Я оглядываюсь по сторонам. Ну и как теперь отсюда вылезти? Ханна ложится на спину и плывет по течению. Она находит на берегу маленький пляж. Там стоит пара обуви. Для меня это знак, что мы не забрались в такую глушь, где наших тел никто не найдет. Мы в хорошо освещенном людном месте для купания. Наверняка полно народу нарушало пятое правило на этом самом берегу.
Ханна вылезает на берег и садится. Голая. Мокрая. Но все равно улыбается. Даже мне, хотя я тот самый мудак, который швырнул ее книгу в воду. Подплыв к берегу, я вижу, что она смотрит в толщу воды со знакомым мне выражением лица. Она разговаривает с рыбами – с теми, которых она не видит и которым не дала имен.
– Прости! – хриплю я, вылезая на скалу у ее ног. Она смотрит в воду прямо сквозь меня. Мы несколько минут сидим рядом, голые и замерзшие, а потом я начинаю прикидывать, как бы залезть обратно туда, откуда мы прыгали. Я встаю и пробираюсь к чему-то вроде вырубленной лестницы. Ноги соскальзывают, но я поднимаюсь. Ханна не сводит глаз с воды, и мне плевать, что мой член съежился до орешка. Я карабкаюсь по лестнице, и через пять ступенек подтягиваюсь и вылезаю наверх. Я беру нашу одежду и иду к вершине лестницы. Я несколько раз окликаю Ханну по имени, но сквозь шум водопада меня не слышно. Я вытираюсь футболкой и надеваю штаны. Потом я сижу на месте и жду Ханну. Кажется, я сижу так полчаса, но на самом деле меньше. Она сидит, держа в руках мокрую книгу, и смотрит в воду.
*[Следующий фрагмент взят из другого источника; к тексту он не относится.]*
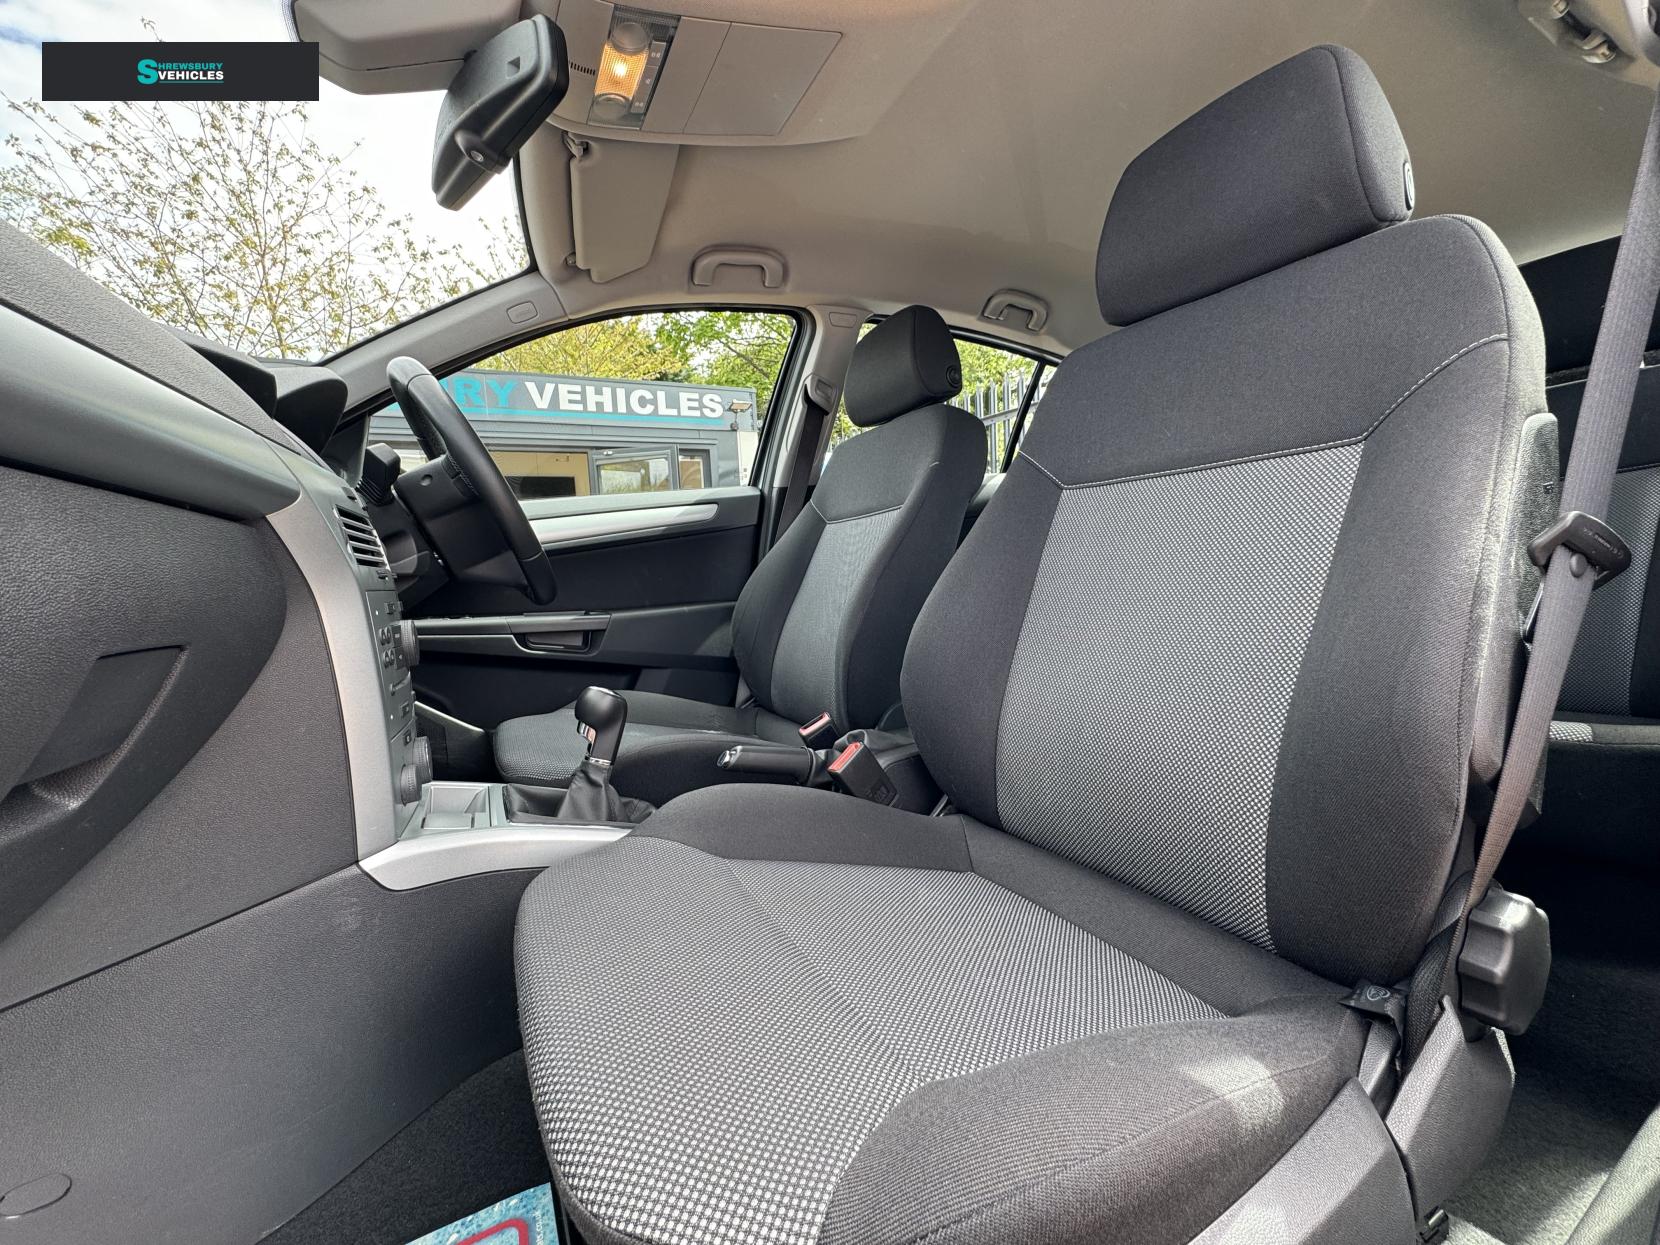 Vauxhall Astra 1.4i 16v Active Hatchback 5dr Petrol Manual (146 g/km, 89 bhp)

Через какое-то время она встает и преодолевает большую часть лестницы сама, потом берет меня за руку, и я втаскиваю ее наверх. Она одевается на мокрое тело. Я не могу понять ее настроения. Она идет, я иду за ней.
– Пойдем, – говорит она.
– Но… – Но что? Что я собирался сказать?
– Пойдем, – повторяет Ханна, берет меня за руку и быстро идет по тропинке, которой мы пришли сюда.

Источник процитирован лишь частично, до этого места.